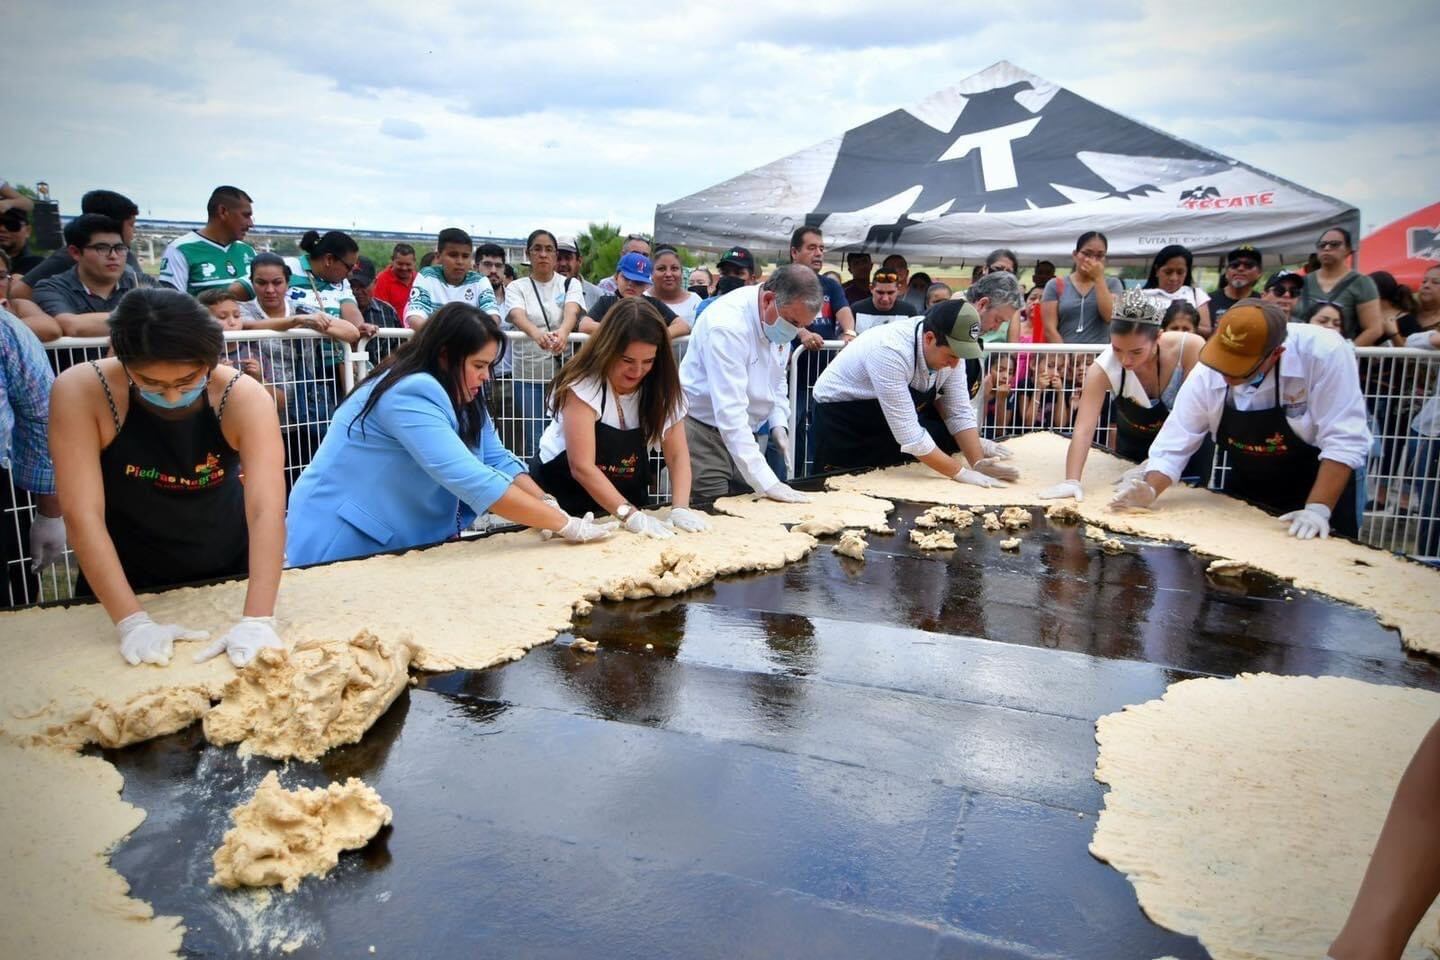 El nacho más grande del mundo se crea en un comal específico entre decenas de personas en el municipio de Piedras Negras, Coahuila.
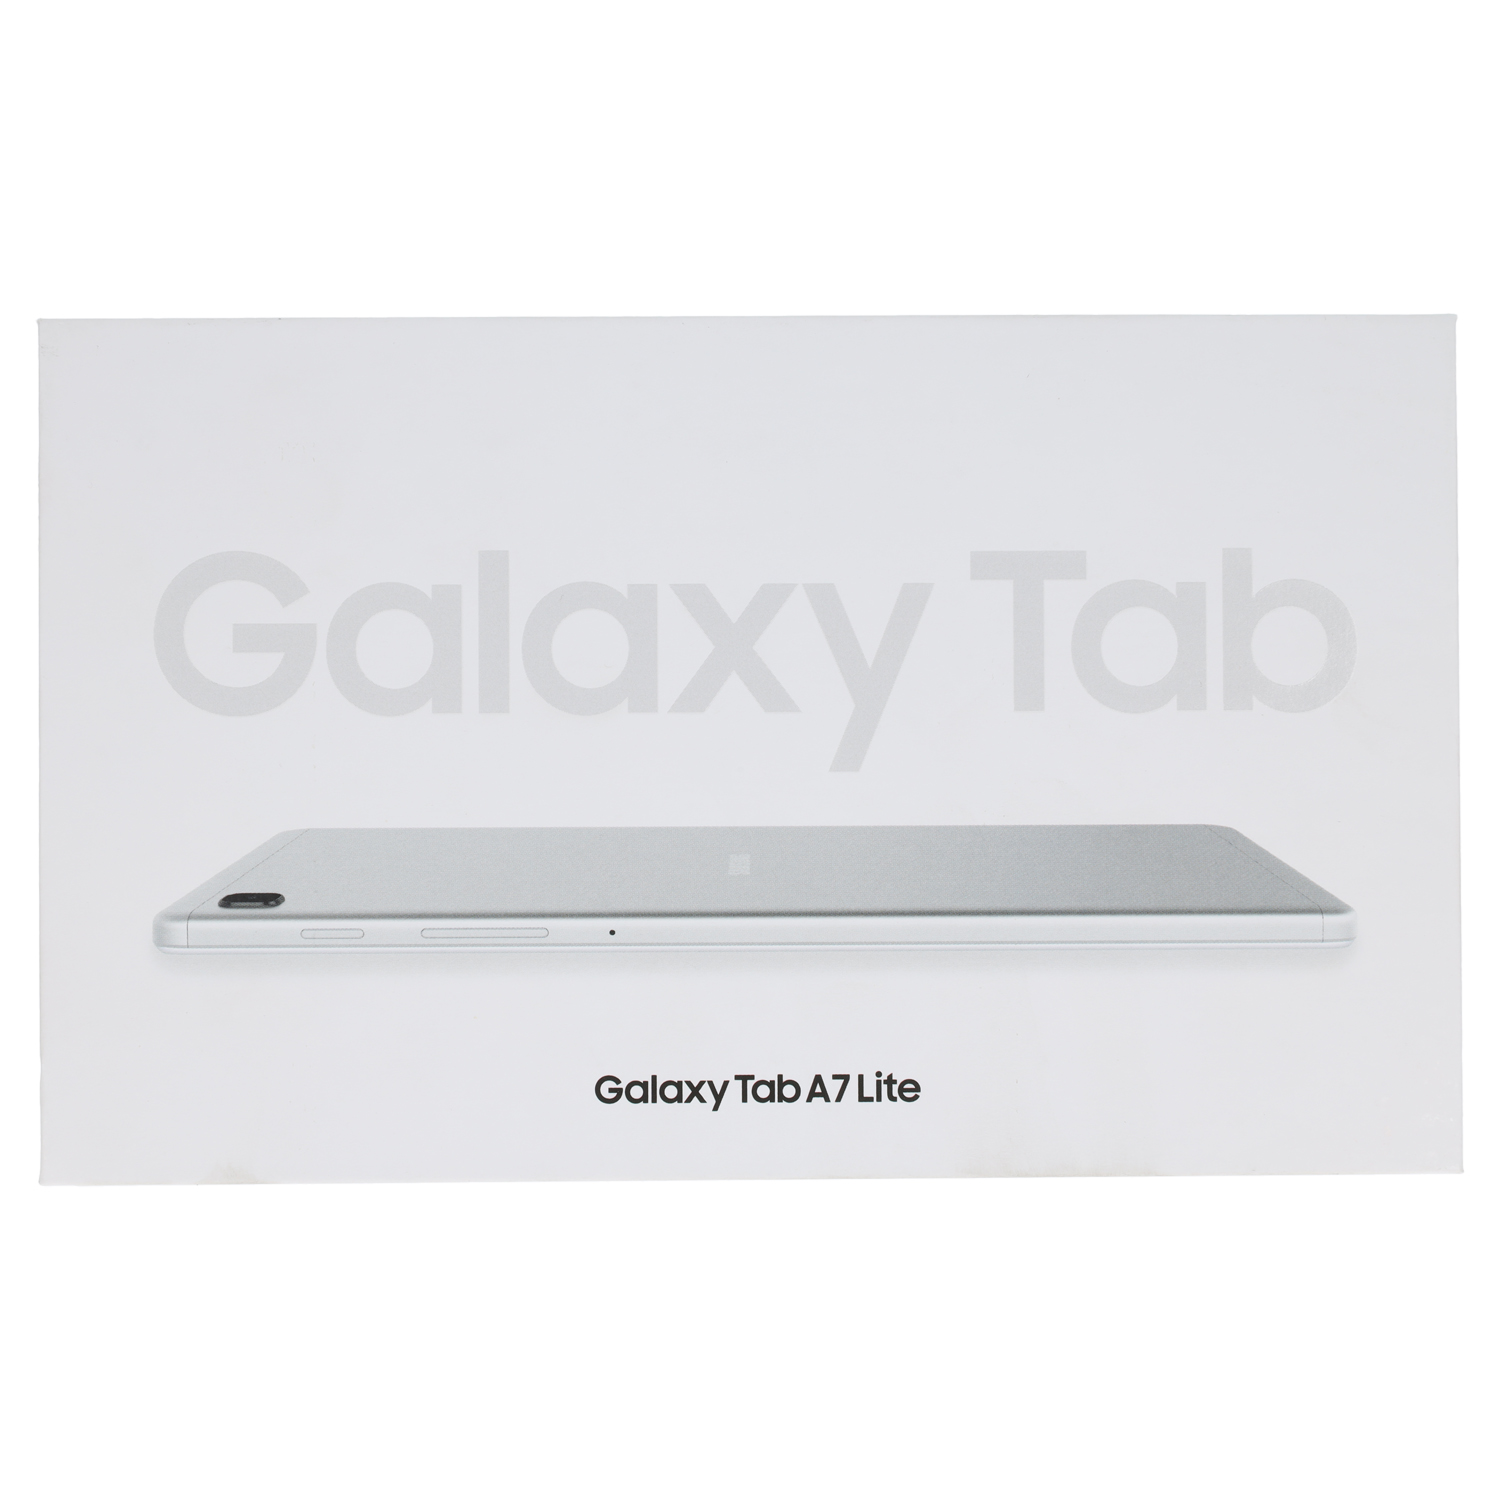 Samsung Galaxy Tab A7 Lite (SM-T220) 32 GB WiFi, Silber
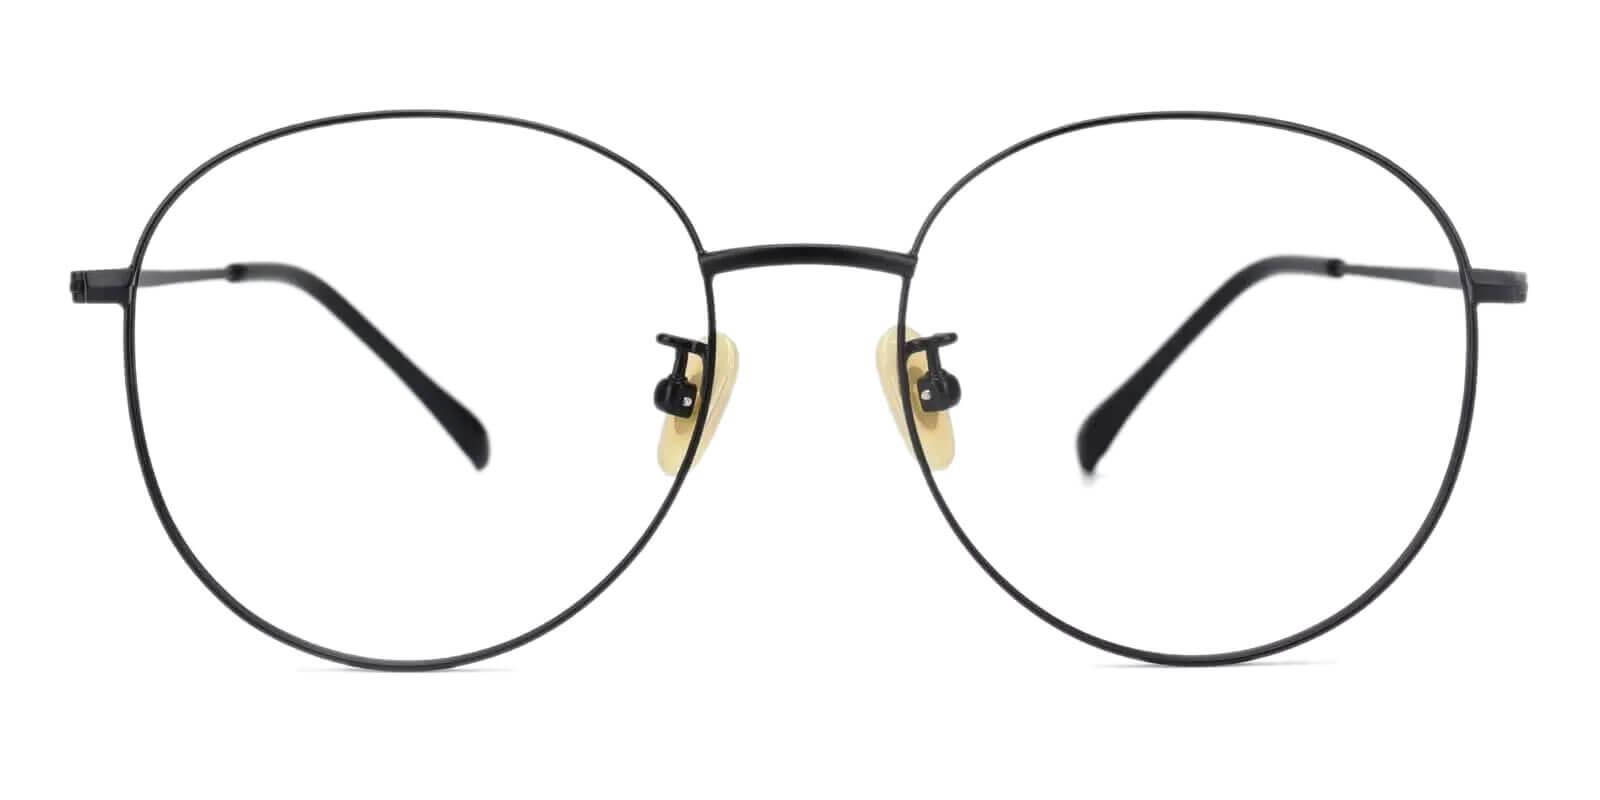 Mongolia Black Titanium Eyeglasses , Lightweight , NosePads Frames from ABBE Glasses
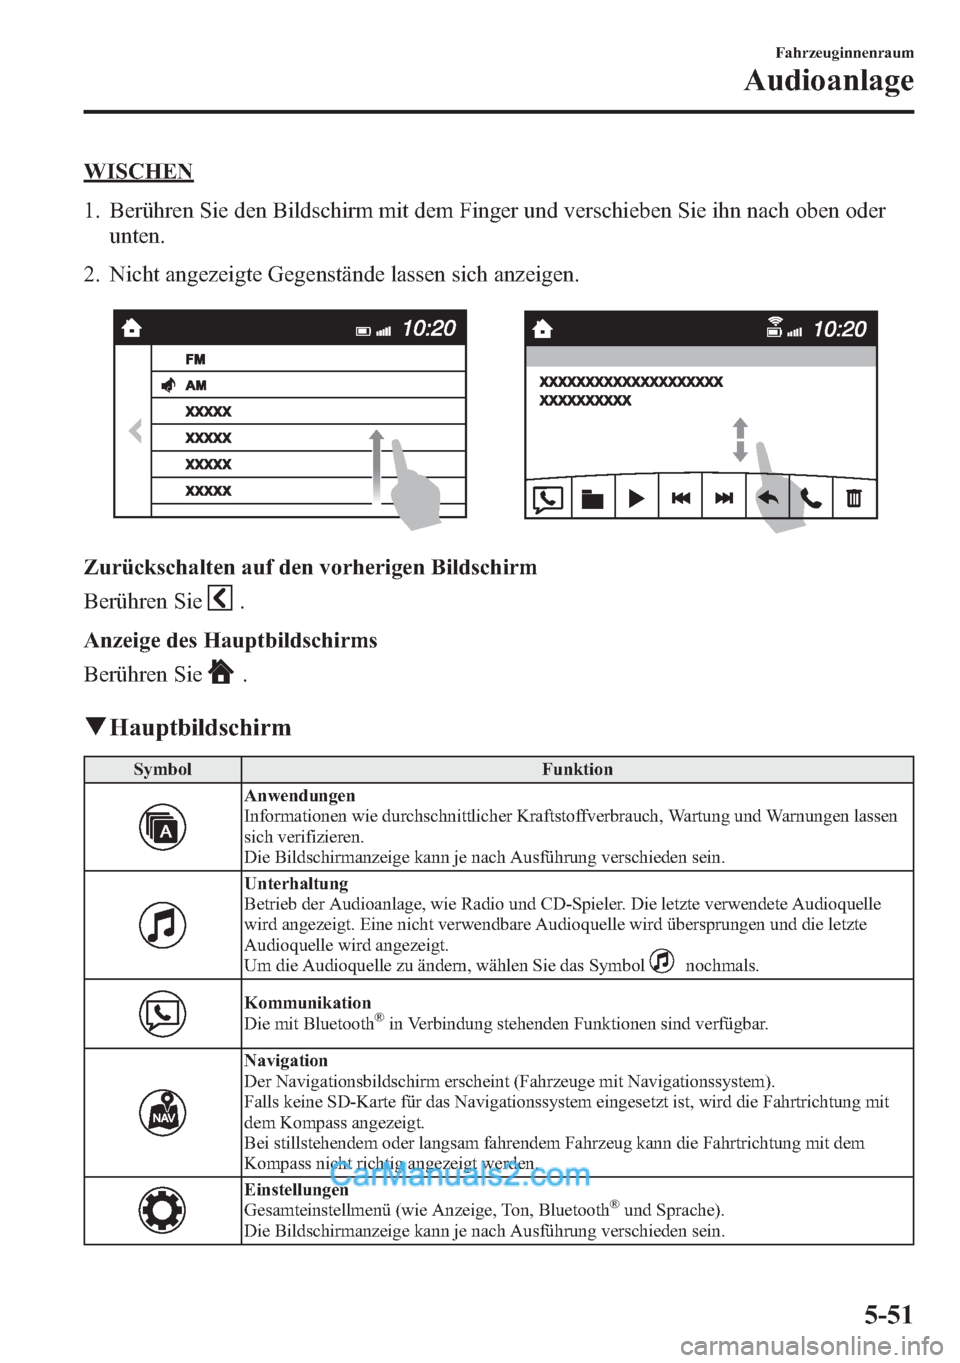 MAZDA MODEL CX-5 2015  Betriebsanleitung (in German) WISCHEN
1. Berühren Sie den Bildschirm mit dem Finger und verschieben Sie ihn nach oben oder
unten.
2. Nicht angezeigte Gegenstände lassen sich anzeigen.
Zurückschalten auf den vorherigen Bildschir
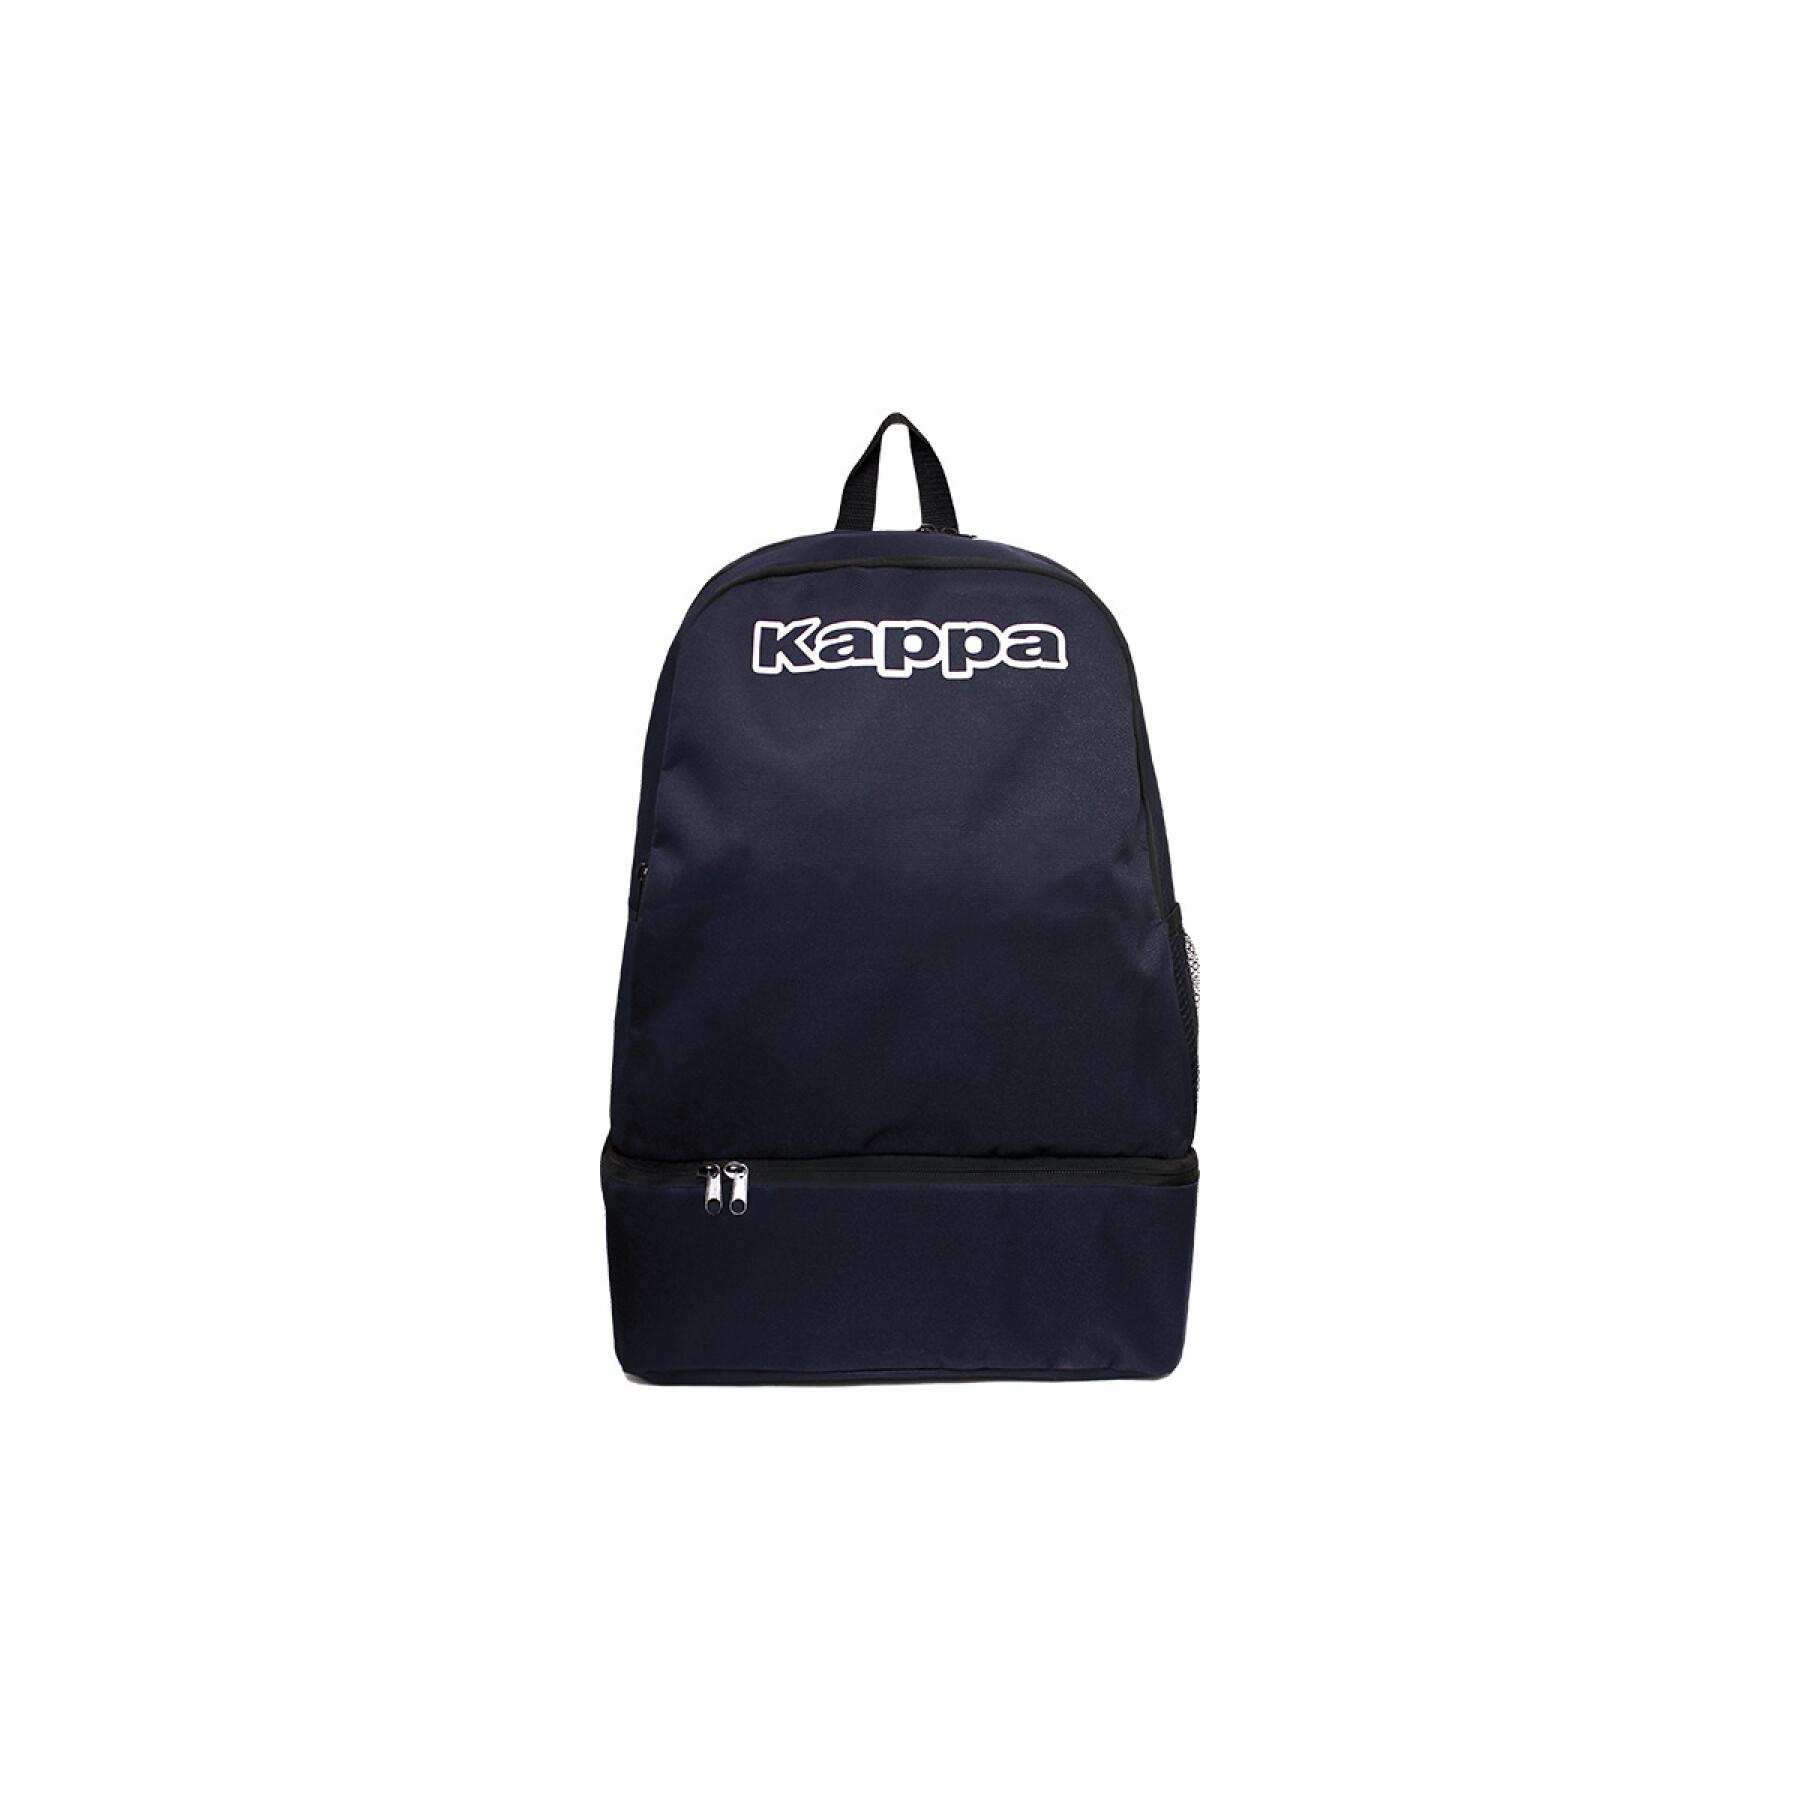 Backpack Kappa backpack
::::::::::
How to complete this task ::
Repeat the listing in full and exactly. Leave any pictures out.

Exercise answer ::
 El nacho más grande del mundo se crea en un comal específico entre decenas de personas en el municipio de Piedras Negras, Coahuila.
 Samsung Galaxy Tab A7 Lite (SM-T220) 32 GB WiFi, Silber
 Mongolia Black Titanium Eyeglasses , Lightweight , NosePads Frames from ABBE Glasses
 MAZDA MODEL CX-5 2015  Betriebsanleitung (in German) WISCHEN
1. Berühren Sie den Bildschirm mit dem Finger und verschieben Sie ihn nach oben oder
unten.
2. Nicht angezeigte Gegenstände lassen sich anzeigen.
Zurückschalten auf den vorherigen Bildschir
 Backpack Kappa backpack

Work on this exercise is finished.